2.3. Experimental System

Figure 1 shows a schematic diagram of the experimental setup. The catalytic activity of the CuCo₂O₄-x (x = N, C and A) catalysts was evaluated by temperature-programed oxidation (TPO) experiments. Printex-U (Degussa, with the size of 20–30 nm) was used as the model soot in this study. For each test, 180 mg of catalyst powder was mixed with 20 mg of soot in loose (mixing with a spatula for 5 min) or tight (grinding in an agate mortar for 5 min) contact mode. Then, the resulting soot–catalyst mixtures (200 mg) were mixed with 400 mg of inert silica (40–60 meshes) for another 5 min to avoid the formation of hot spots during the reaction. The experimental procedure was as follows: Firstly, the mixture of catalyst and inert silica after reaction was collected from the quartz tube and then placed in an agate mortar. Secondly, 20 mg of soot was mixed with the obtained mixture of the catalyst and inert silica after reaction in loose contact mode. Finally, the above obtained mixture of soot, catalyst and inert silica was filled back into the quartz tube for next catalytic soot combustion reaction cycle. The reaction temperature was increased from 50 °C to 700 °C at a heating rate of 5 °C·min⁻¹.

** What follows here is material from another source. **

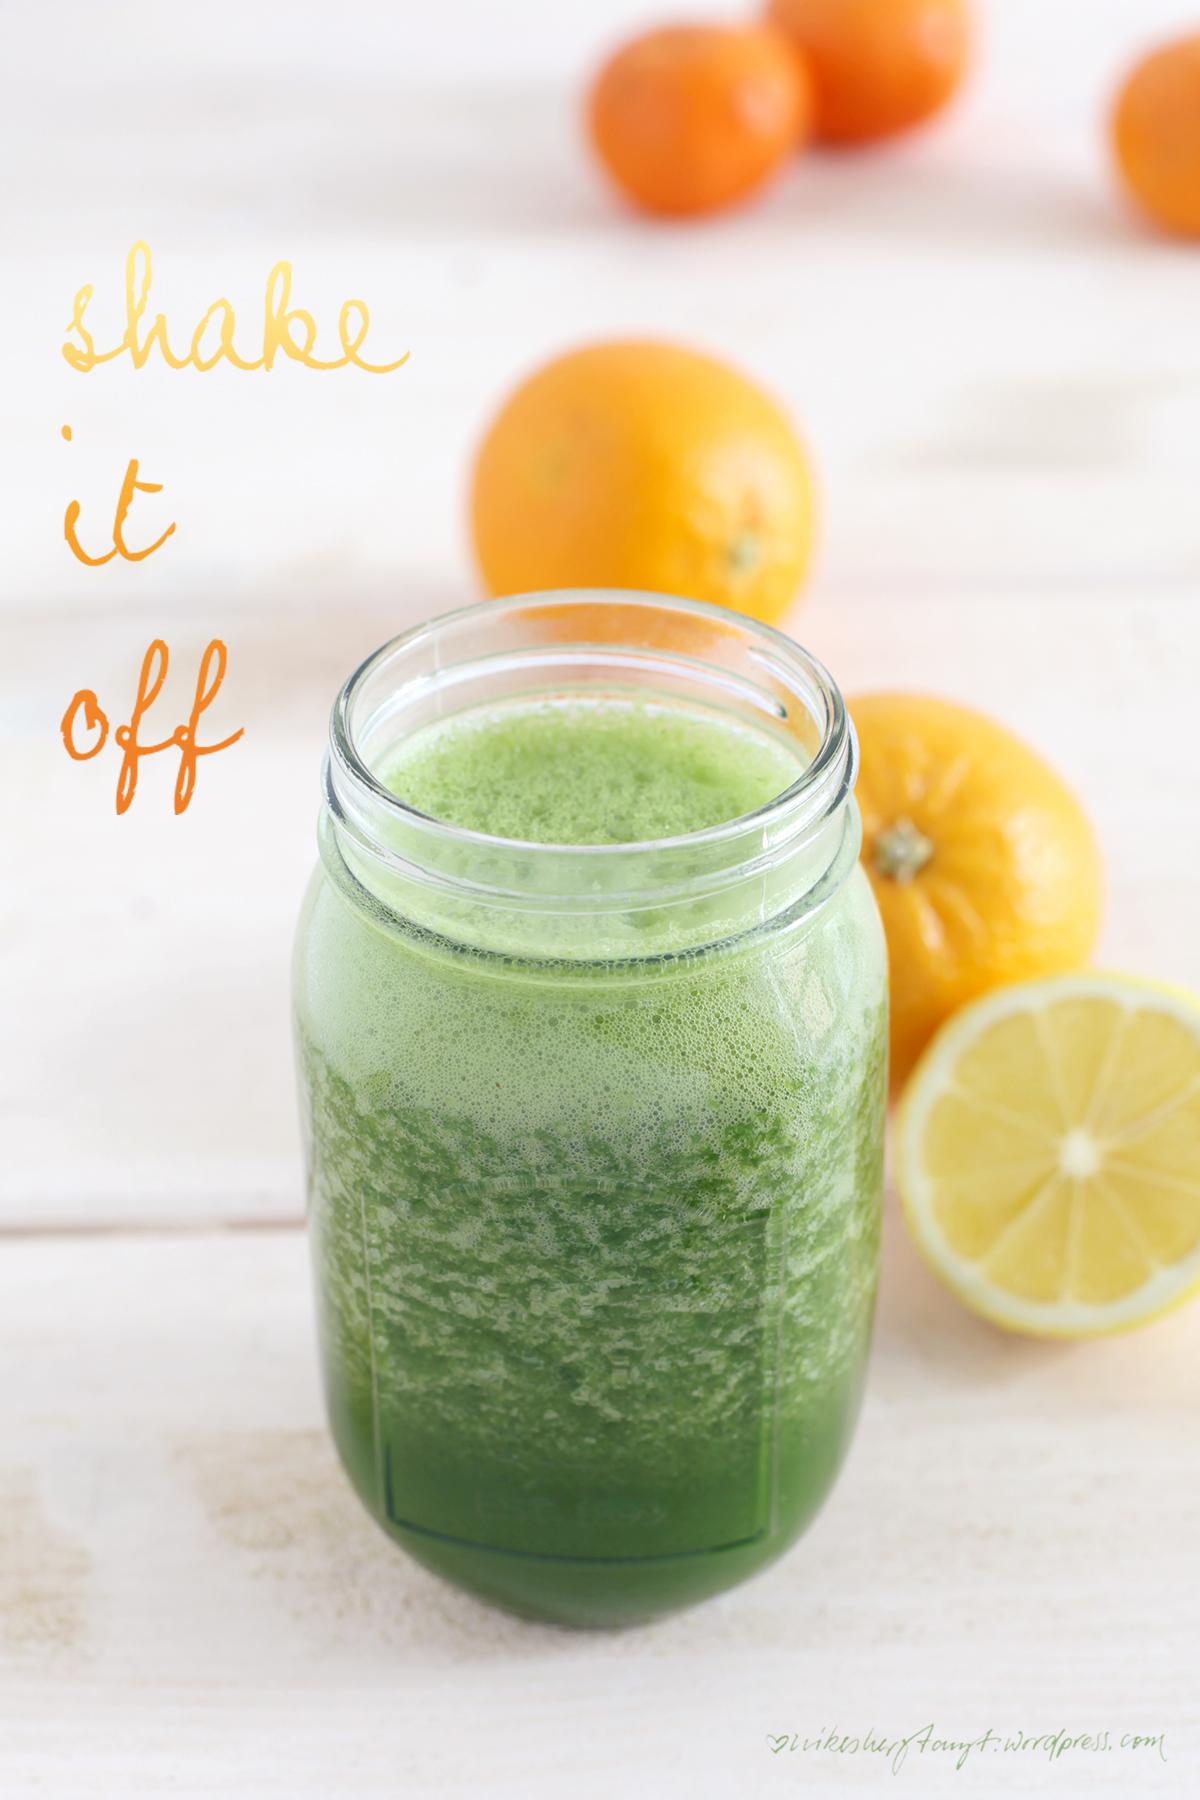 zuckerfrei ins neue jahr,green smoothie, grüner saft, detox, eat your greens, clean eating, vegan, orange, zitrone, minze, grünkohl, weizengraspulver, nikesherztanzt

All gas streams from the gas cylinders were regulated by mass flow controllers (Sevenstars D07-B, Beijing, China). The mixed gases (10 vol.% O₂ with balanced N₂) were fed into the reactor at the flow rate of 200 mL·min⁻¹ during the TPO experiment. In addition, 1000 ppm NO was added into the feeding gas to investigate the effect of NO on catalytic soot combustion when necessary. The outlet concentrations of CO and CO₂ were monitored online using an infrared (IR) gas analyzer (GXH-3010/3011AE, Huayun, Beijing, China) with the accuracy of ±3%. The temperatures at which 10%, 50% and 90% of the soot was oxidized (denoted as T₁₀, T₅₀ and T₉₀, respectively) were recorded as indicators of the catalytic activity. Soot conversion (denoted as α) and CO₂ selectivity (denoted as SCO₂) were calculated by integrating the CO and CO₂ concentration curves with time as follows:

$$\mathsf{\alpha } (\%)=\frac{{\displaystyle {\int }_0^{\mathrm{t}}({[\mathrm{C}{\mathrm{O}}_2]}_{\mathrm{o}\mathrm{u}\mathrm{t}}+{[\mathrm{C}\mathrm{O}]}_{\mathrm{o}\mathrm{u}\mathrm{t}})\mathrm{d}\mathrm{t}}}{\mathrm{M}}\times 100\%$$

(1)

$${\mathrm{S}}_{\mathrm{C}{\mathrm{O}}_2}(\%)=\frac{{\displaystyle {\int }_0^{\mathrm{t}}{[\mathrm{C}\mathrm{O}]}_{\mathrm{o}\mathrm{u}\mathrm{t}}\mathrm{d}\mathrm{t}}}{{\displaystyle {\int }_0^{\mathrm{t}}({[\mathrm{C}{\mathrm{O}}_2]}_{\mathrm{o}\mathrm{u}\mathrm{t}}+{[\mathrm{C}\mathrm{O}]}_{\mathrm{o}\mathrm{u}\mathrm{t}})\mathrm{d}\mathrm{t}}}\times 100\%$$

(2)

where [CO₂]_out and [CO]_out are the real-time concentrations of CO and CO₂ at the reactor outlet, respectively, and M is the weight of the initially packed soot.

3. Results and Discussion

3.1. Textural Properties of the Catalysts

The specific surface area (S_BET), pore volume and pore size of CuCo₂O₄-x (x = N, A and C) catalysts are obtained with a N₂ adsorption–desorption experiment (

Table 1. Textural properties of the CuCo₂O₄-x (x = N, A and C) catalysts.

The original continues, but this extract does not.